# Duplo hurricane made by my kids



## Marcel (Nov 24, 2014)

My kids made a hurricane. Robin (10) and Kiran (5) build this hurricane with their old duplo bricks and I think they did a pretty good job. So this proud dad promised to put the pictures on the forum  Unfortunately the builders didn't want to be on the photo themselves...

I think I will buy them a revel kit, next....

Reactions: Bacon Bacon:
4 | Like Like:
4 | Like List reactions


----------



## Wurger (Nov 24, 2014)

This is the first step towards modelling. Well done guys.


----------



## Capt. Vick (Nov 24, 2014)

Excellent effort!


----------



## Airframes (Nov 24, 2014)

Great stuff ! They've captured the 'hump-back' and wide-track undercarriage well - good eyes for detail for when they start on model kits !


----------



## herman1rg (Nov 24, 2014)

Pass the bacon to the children


----------



## Crimea_River (Nov 24, 2014)

Excellent!


----------



## vikingBerserker (Nov 24, 2014)

Very cool!


----------



## Lucky13 (Mar 9, 2015)

A Revell kit and sign them up on the forum mate!


----------



## Njaco (Mar 9, 2015)

excellent!!


----------



## Marcel (Mar 9, 2015)

Lucky13 said:


> A Revell kit and sign them up on the forum mate!



Well I could sign in Robin.
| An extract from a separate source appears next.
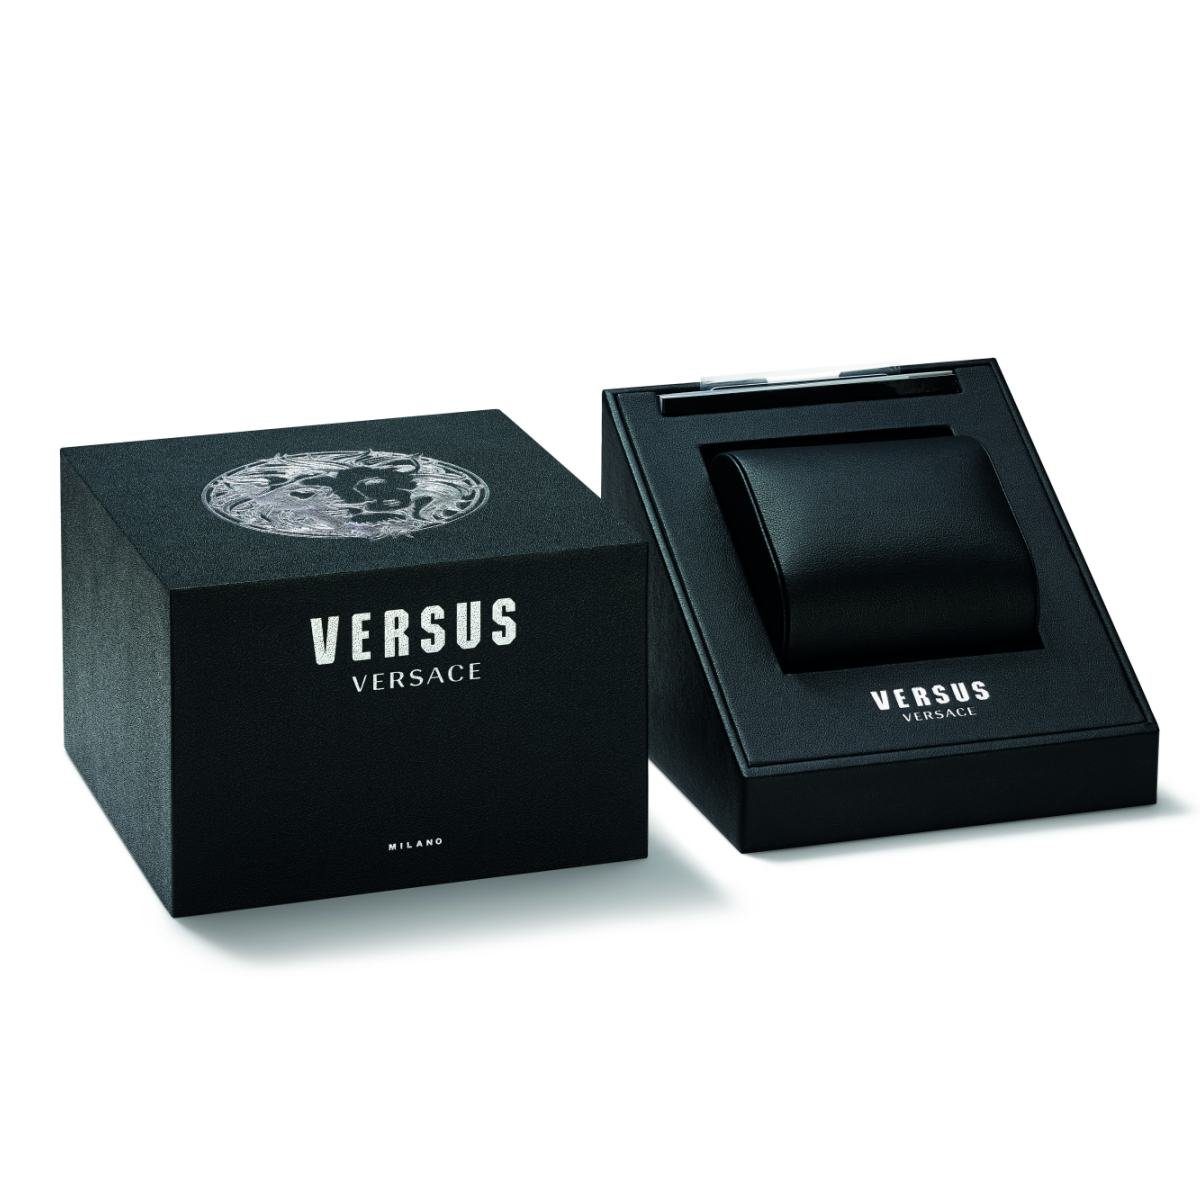 VSP572021 Versace Versus Quarzuhr

He started reading daddy's warbird books about a year ago and now knows more then I do . Have to brush up on his English though


----------



## Gnomey (Mar 9, 2015)

Good effort!


----------



## Wayne Little (Mar 10, 2015)




----------



## Wurger (Mar 10, 2015)




----------



## Pisis (Aug 1, 2016)

That's really cool!


----------



## CommanderBounds (Sep 11, 2016)

Very Very well done, especially with the limitations of those chunky duplo blocks! I wish I had a picture of the Mustang I built with those a few years back.

Reactions: Like Like:
1 | Like List reactions


----------



## herman1rg (Sep 16, 2020)

And what are they building now?


----------